--- DATASET CONTENT ---

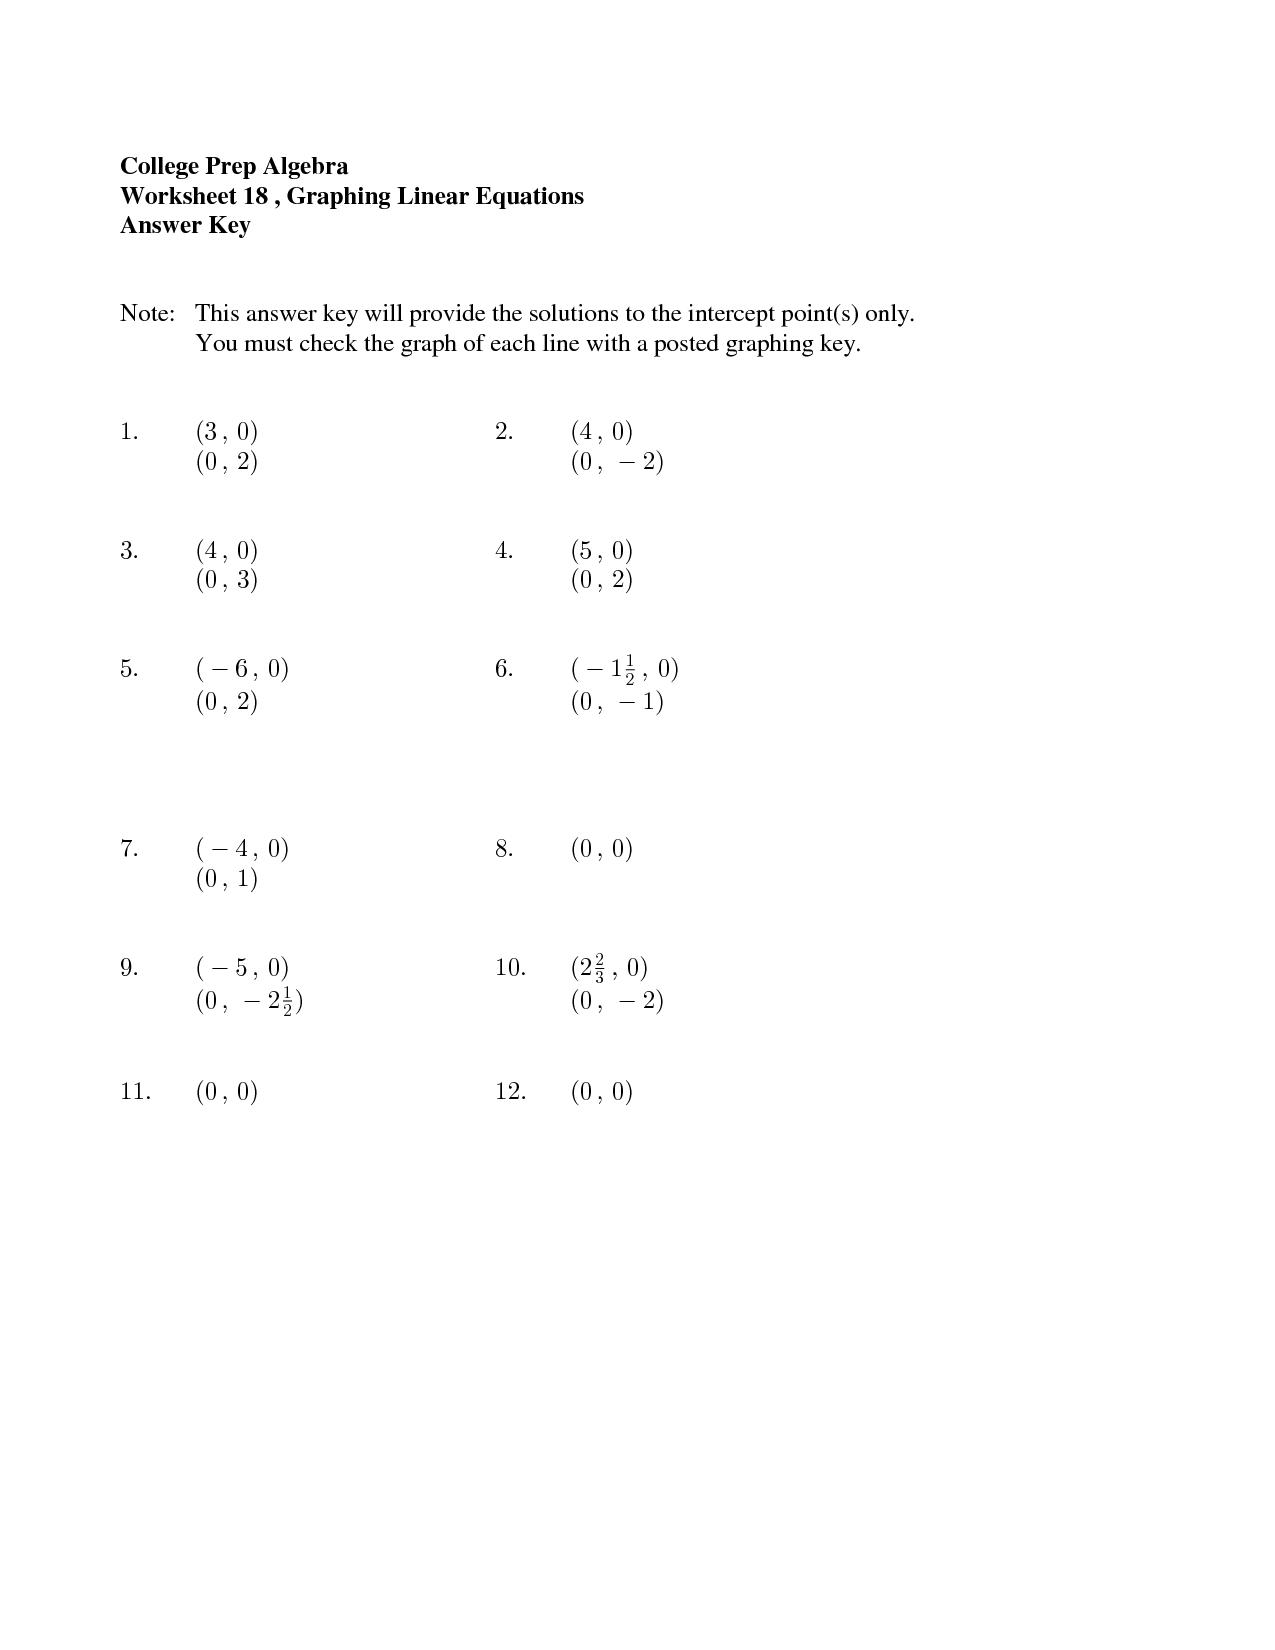 16 Best Images of College Math Worksheets  College Algebra Worksheets Printable, College
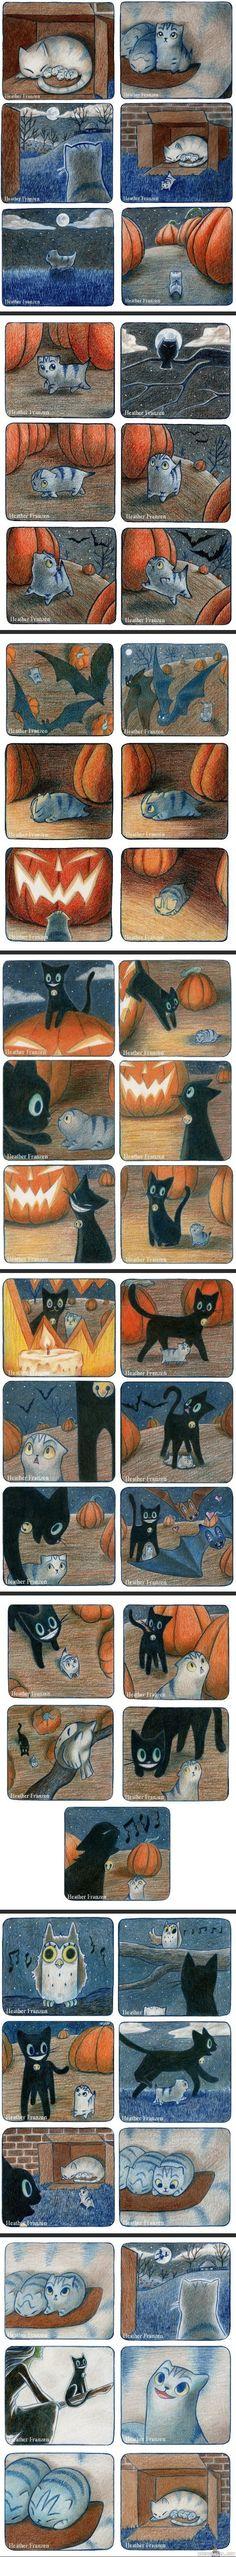 Kitten's nighttime adventure by Heather Franzen
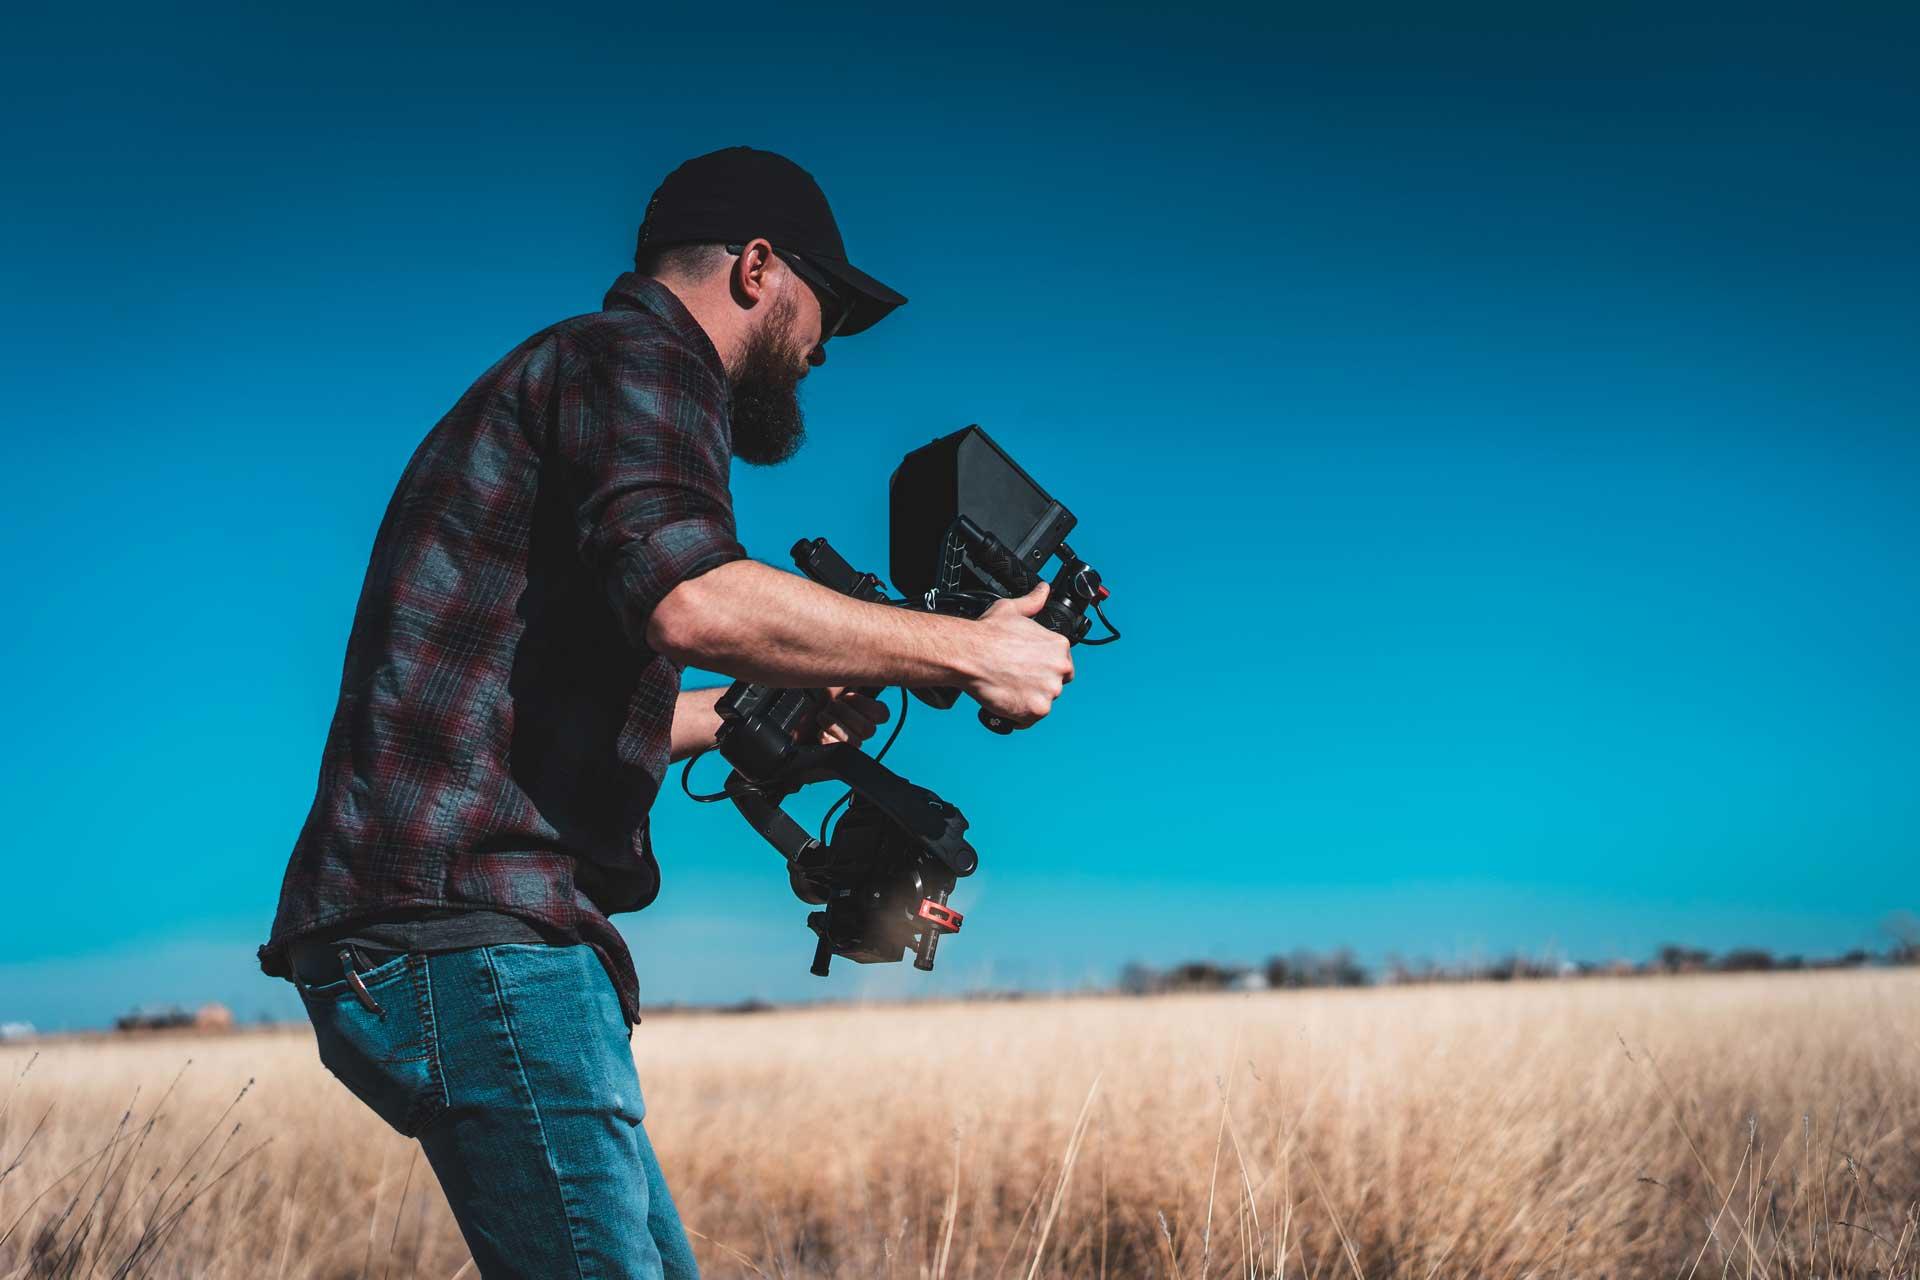 creative_cannon_video_shoot-3

--- TRY IT ---
The copy must match the listing above exactly, except that it holds no pictures.

--- OUTPUT OF THE EXERCISE ---
 16 Best Images of College Math Worksheets  College Algebra Worksheets Printable, College
 Kitten's nighttime adventure by Heather Franzen
 creative_cannon_video_shoot-3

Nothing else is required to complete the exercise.